Between the fall of 2017 and the spring of 2018, the band released two more songs, both in Ukrainian: "Кораблі" and "Мелодія". After releasing the two songs, the band realized their musical style would change slightly. Sanina described the album sound as more electronic than the band's previous work.
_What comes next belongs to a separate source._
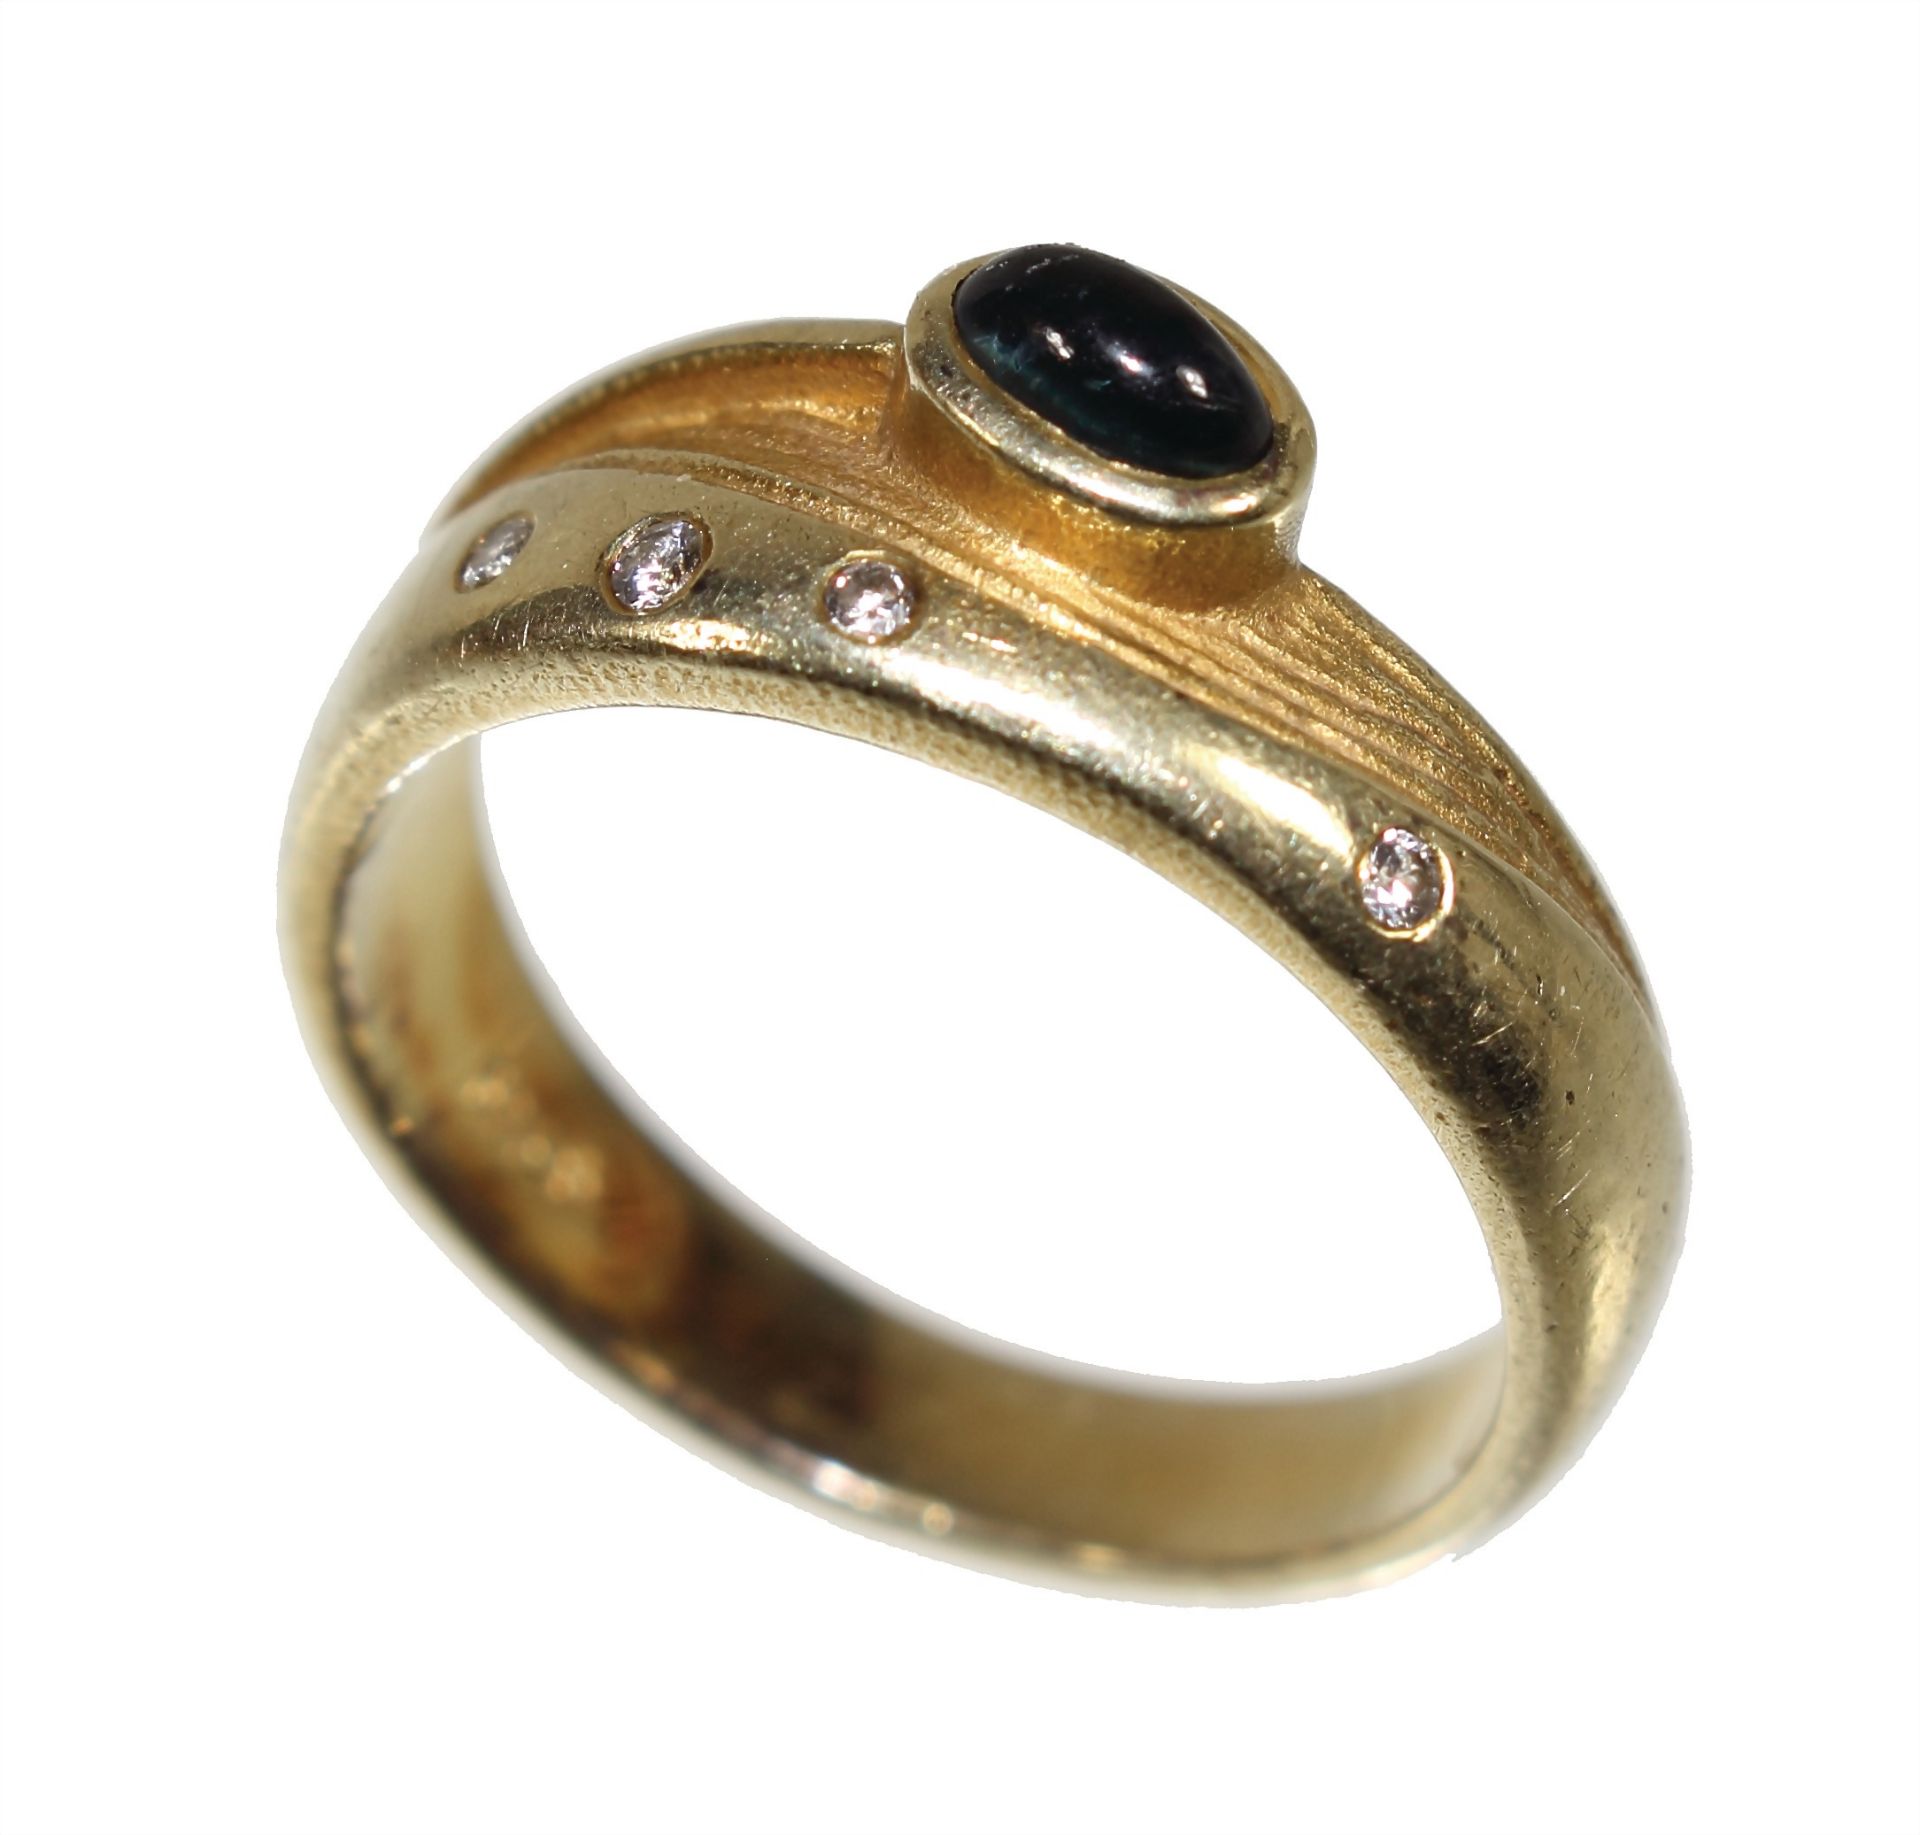 Ring, GG 585/000, 1 Saphir-Cabochon, 4 Brillanten ca. 0,04 ct tw/w-vsi, RW ca. 54,0 - Bild 3 aus 4

She compared the new album to "a whole cocoon, in which its atmosphere prevails". Sanina noted that the album title refers both to a spaceship maintaining a clear course and to the image of a woman.

== Track listing ==

| No. | Title | Length |
|---|---|---|
| 1. | "Привіт" | 0:49 |
| 2. | "Журавлі" | 2:48 |
| 3. | "Коханці" | 4:01 |
| 4. | "Forever More" | 3:47 |
| 5. | "Free Me" | 3:12 |
| 6. | "Серце" | 2:51 |
| 7. | "Mope" | 1:05 |
| 8. | "Кораблі" | 3:23 |
| 9. | "Де ти є" | 4:18 |
| 10. | "Does It Feel" | 4:39 |
| 11. | "Хто, як не ти" | 3:33 |
| 12. | "00:00" | 4:16 |
| 13. | "Мелодія" | 3:54 |
| 14. | "Андромеда" | 1:19 |
| 15. | "Астронавт" | 3:43 |
| 16. | "Complicity" | 3:49 |
| 17. | "Бувай" | 1:30 |
| Total length: |  | 52:57 |

== Reception ==
Reception for the album was mainly positive from both fans and music critics. Ihor Panasov of Karabas Live reported that "If you don't know how to tell stories, don't release albums... The Hardkiss is just made for big beautiful stories. But for many years [Sanina] was not up to it. Under the guise of albums, [Sanina] released mechanical compilations – Stones And Honey (2014), Cold Altair (EP, 2015), Perfection Is a Lie (2017). There was nothing special to tell about [the albums]. Until today".